In 2020, at least 20 African countries are voting, either for legislative or presidential elections, and the candidates and the citizens deserve to receive reliable information, not fake and defamatory news.
Why is it important for African businesses and citizens to be digitally protected?
The regulation of the use and processing of personal information through legislation is an internationally accepted practice. Not only will individuals and organisations in the private sector gain with data privacy legislation or a data protection Act but it is also important for trade, political and commercial deals or simply when seeking a new job, as concerns around information privacy can create barriers to these activities.
Since 2011, Eliminalia has been helping to protect businesses and individuals around the world from negative online information that could damage their business and reputation.
How is Eliminalia helping business and citizens around the world?
Whilst the EU presents itself as a global leader in data protection, the same standards are not applied when it comes to partnerships in Africa, America and Asia. “We’re talking about the European Union, whose data protection laws shine like a lighthouse inside the EU – at least formally – but their application and enforcement remains foggy when it comes to the bloc’s data processing activities in its African neighbours,” said David Castella, Business Project Manager of Eliminalia.

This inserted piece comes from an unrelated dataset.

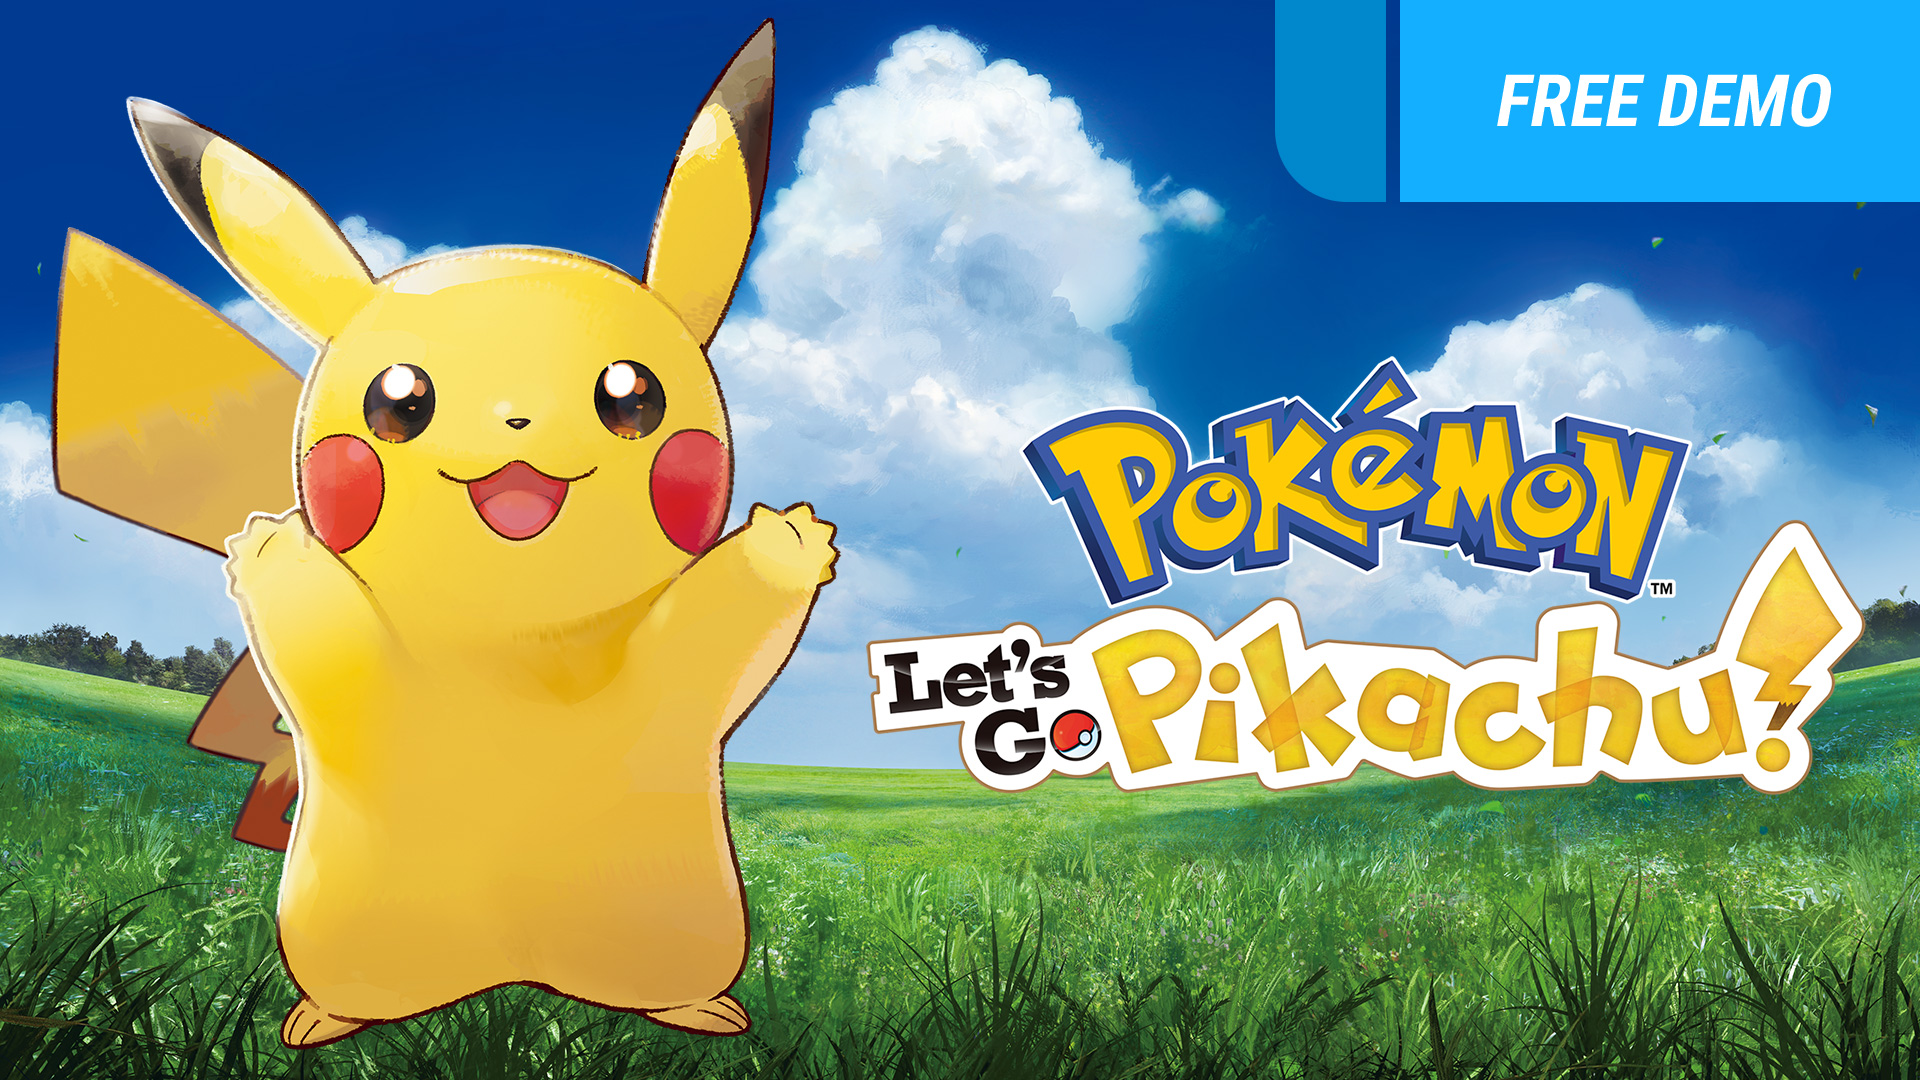 Pokémon: Let's Go, Pikachu!

Through its seven offices around the world in countries such Spain, the United Kingdom, Switzerland, Colombia, Mexico, Ukraine and United Arab Emirates Eliminalia is monitoring and erasing negative information for thousands of clients. Eliminalia has solved cases for 3,540 business and 5,770 individuals and politicians since 2011, constantly providing new solutions for any digital concerns their clients may have.
2020 is election season across Africa, a crucial year for digital boosts
Voters across the continent are heading to the ballot box during 2020 to choose their leaders in presidential, parliamentary and local elections, starting with the Comoros in January and ending with Ghana in December, raising a big potential problem with fake news.
Dídac Sanchez, CEO of Eliminalia, and with more than 10 years’ experience in digital solutions, says: “Of course, this is an issue of fundamental importance to democracy, because it can skew and influence election results. As such, fake news is a bigger problem than previously thought, with potentially far-reaching consequences.”
All in all it’s quite clear that 2020 is a decisive year to promote a stronger digital protection in Africa.